The Ares was the spacecraft in which the first expedition to establish a colony traveled to Mars in 2026.

Artist's conception of the Ares approaching Mars. Art by Don Dixon.

Design and construction

The ship was constructed in Earth orbit by assembling empty external fuel tanks from American and Russian space shuttles, which would also serve as landing ships, thus cutting costs compared to constructing a ship entirely out of dedicated parts. This and the repetitive nature of this construction method allowed the Ares to be completed in less than two years.

An immense ship for early 21st century standards, its primary living space was composed of eight hexagons, and each hexagon composed of six connected hollow cylinders, which previously were the fuel tanks. These eight toruses, ranging from Torus A to H, were speared down the middle by a central hub shaft. At the aft end of the shaft were the fuel tanks and main propulsion system. The front end led to a section with a bubble window, which permitted views of the stars and a partial view of the ship behind.

As a whole, the ship slowly rotated around the axis of the central shaft, providing about .38 of Earth's gravity (or Martian gravity) to the toruses.

The entire ship's living space equated to about the living area of a large city hotel. Each torus was filled with different systems: dining halls, living quarters, a farm, and even a strolling garden.

The voyage out

The Ares began its journey towards Mars on December 21st, 2026, by an acceleration which broke it free of Earth's orbit. It was a nine month journey.

Life on the Ares

The crew was in contact with NASA's Mission Control in Houston, USA, which was headed by Derek Hastings at the time, and Baikonur, Russia.

Because of the paramount importance of the mission, interest for the First Hundred back on Earth was very high. The future colonists were filmed and the footage was sent back to Earth. Janet Blyleven was the one who handled these video feeds; she was oftentimes scorned upon by some of her peers who felt recording their daily routines and deeper thoughts was an invasion of privacy they did not desire.

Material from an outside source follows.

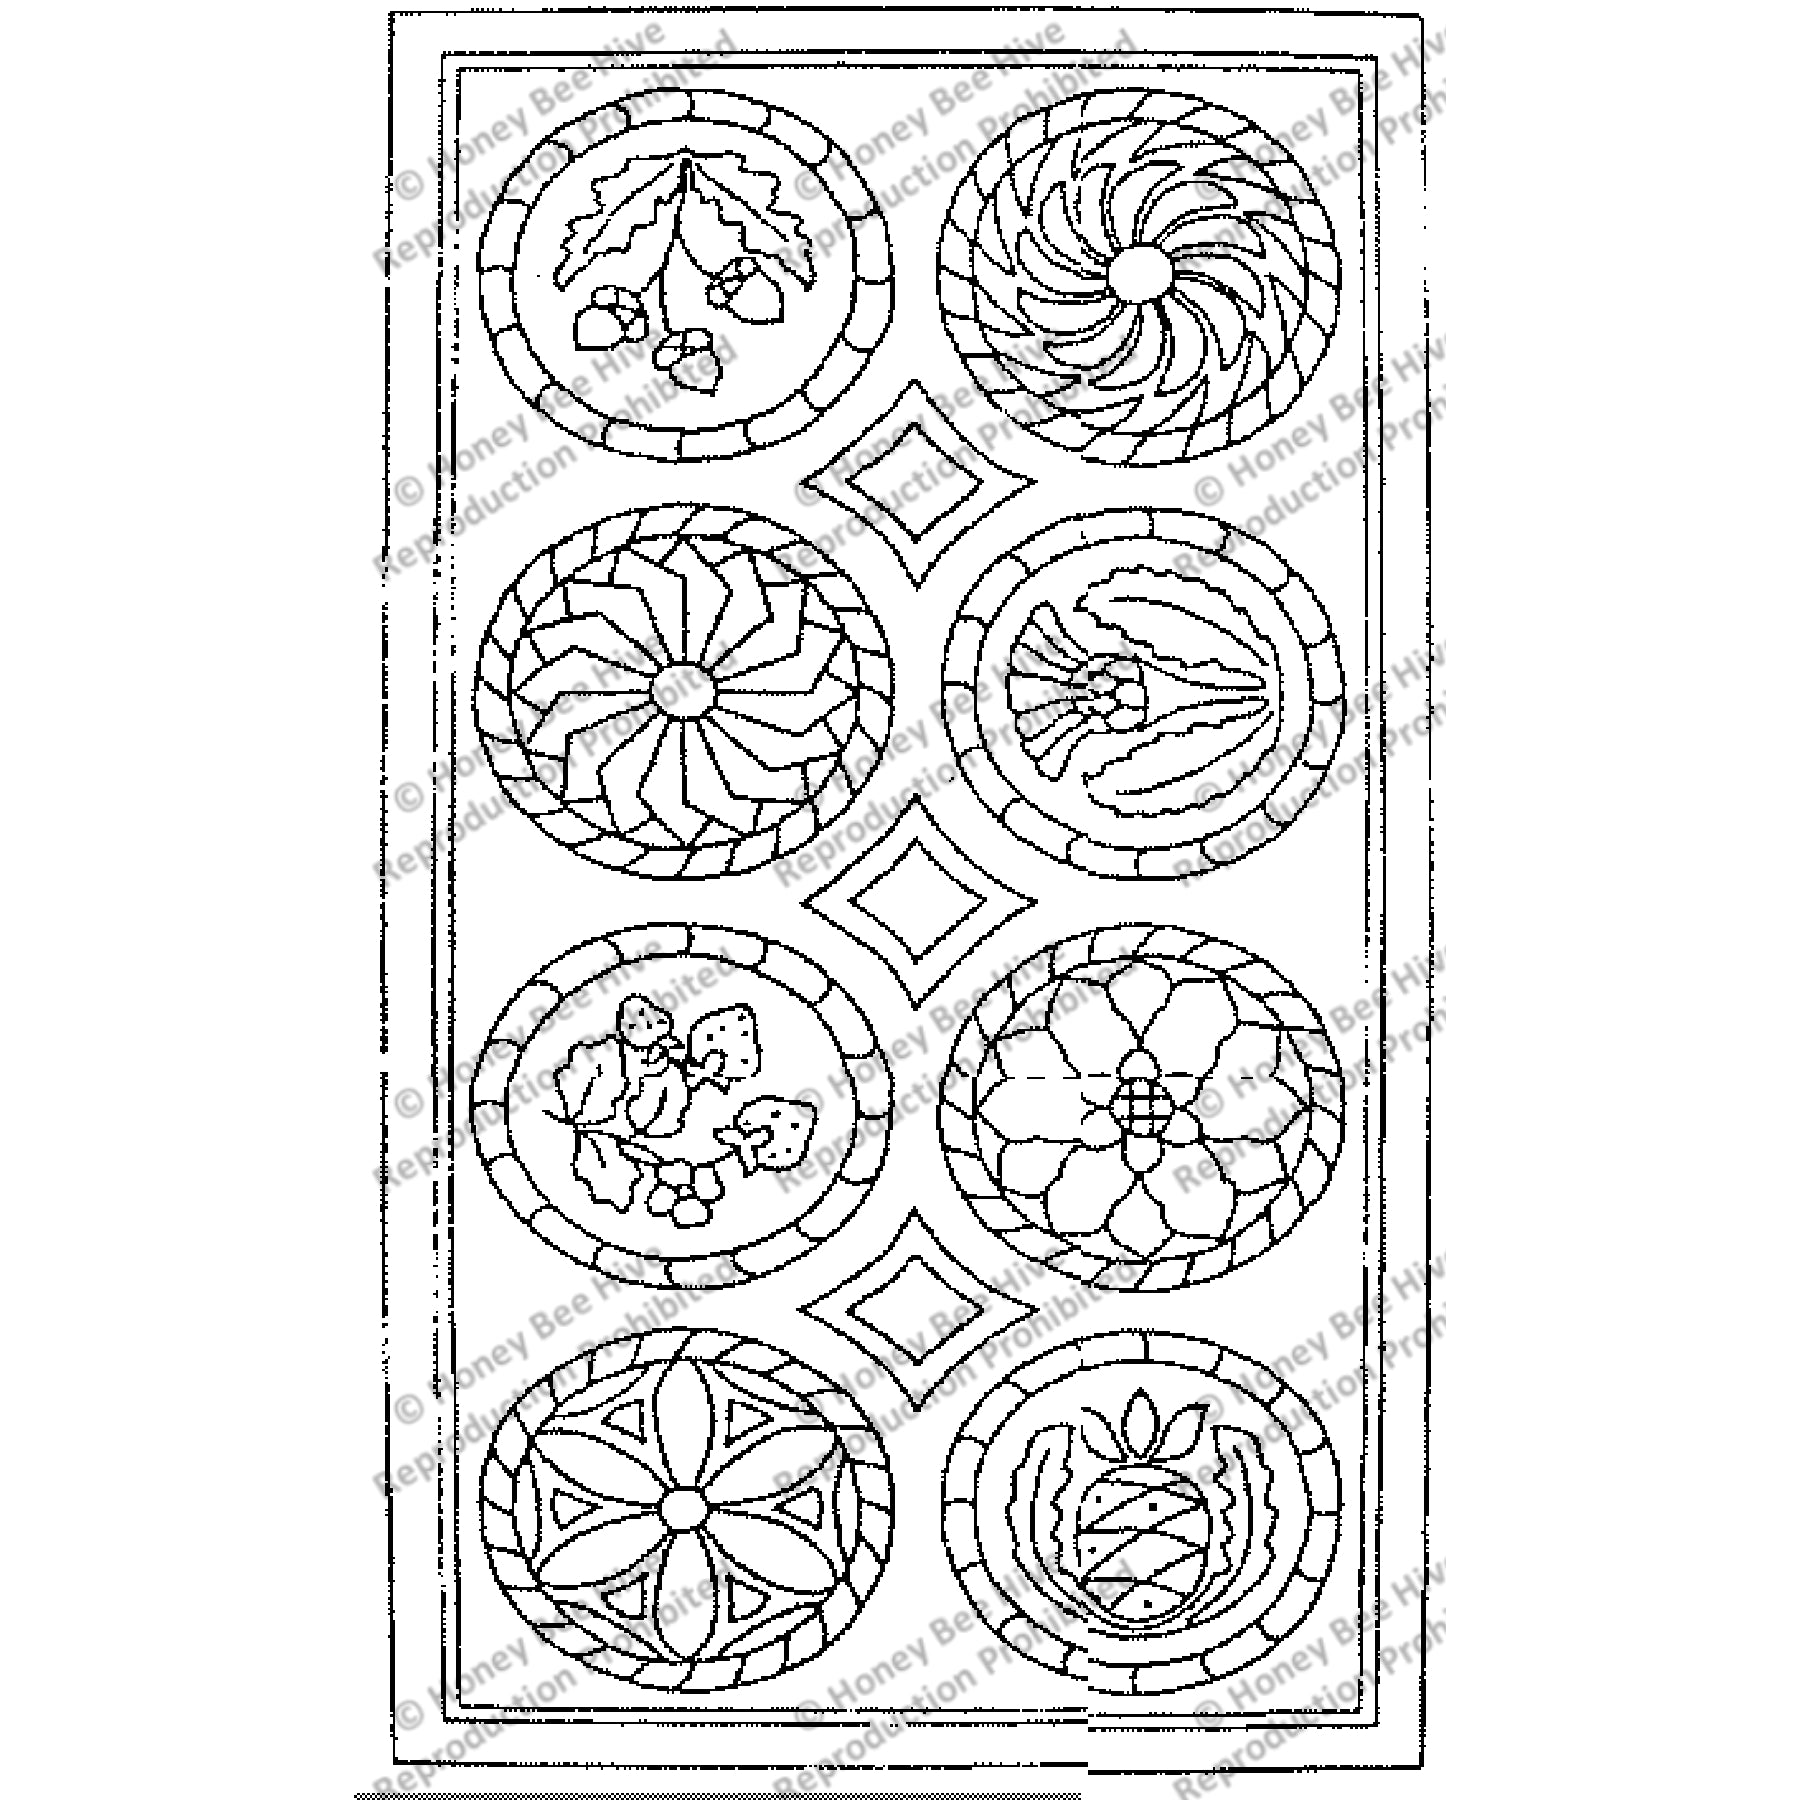 Buttermold-Widecut, rug hooking pattern

A significant share of the time of the crew was spent in training simulations for the manoeuvres they would have to make in orbit and in landing; these were managed by Arkady Bogdanov.

The occupants of the ship would "dress" the walls of the toruses with boards. The boards were painted in seasonal colors and would provide a visual anchorage to the seasons back on Earth. In addition, the length of "days" and "nights" was changed through lighting and temperature was adjusted accordingly.

The group tending the farms, led by Hiroko Ai, was the most secretive. Unbeknownst to everybody else onboard, Hiroko had brought a stowaway on the Ares: Desmond Hawkins. Desmond, the First Hundred's 101st member, secretly lived in the farms, where people outside Hiroko's group hardly ever went.

The Christian Easter service was performed by Phyllis Boyle onboard, who was criticized for her faith by John Boone.

Maya Toitovna, head of the Russian section of the colony, began a relationship with Frank Chalmers, her American counterpart, which they kept secret.

As the distance with Earth increased, the time lapse in the communication with Earth became perceptible and brought home the reality of isolation to crew members. Groups began to form, exacerbated by the mix of American and Soviet nationals onboard and the status quo of the Cold War back home.

The solar flare

Four months into the journey, the crew was alerted by Houston of a solar flare powerful enough to create a solar storm of lethal radioactive levels within the Ares unless proper protective measures were enacted. Living organisms and sensitive equipment had to be put behind protective radiation barriers, such as water or thick layers of metal.

The farm animals were secured in protective quarters (Desmond was put among them) and sensitive equipment was enclosed in storage spaces. The entire crew gathered in the weightless, central shaft that was heavily shielded. Within that protected area, the crew had significant discussions ranging from their future communications with Earth to altering the entire plan and structure of the colony on the Martian surface. Most controversial topics were raised by Arkady, who suggested that the entire crew totally disregard all plans made for them on Terra. Some members agreed with him only in part, and others, such as Phyllis, flatly rejected Arkady's propositions.

In this one moment Arkady made evident thoughts that up until then had existed only within many crew members' heads. Thus began a debate about their collective futures that would foreshadow the direction some colonists would pursue later in their endeavor.

Rising tensions

Prolonged isolation in a confined environment took its toll on the psychology of the crew; morale was low and arguments broke often. Tensions were somewhat eased when Maya and John began a relationship and in a highly political move made their relationship public knowledge.

Arrival on Mars

Landfall assignments were decided upon during the journey. The Ares reached Mars orbit in circa September 2027. After aerobraking, they were in Mars orbit. They stored the heat shields and began organizing the disassembly of the ship. In a last dinner with all the 100 colonists gathered, spirits were high in appearances only. Again Arkady expressed his opinions on Terran control of Martian colonization, and some were angry at Arkady, and some were angry at others being upset. Teams boarded their assigned cylinders, which broke off into independent modules for landing. A part of the remaining ship took another two month journey to Phobos.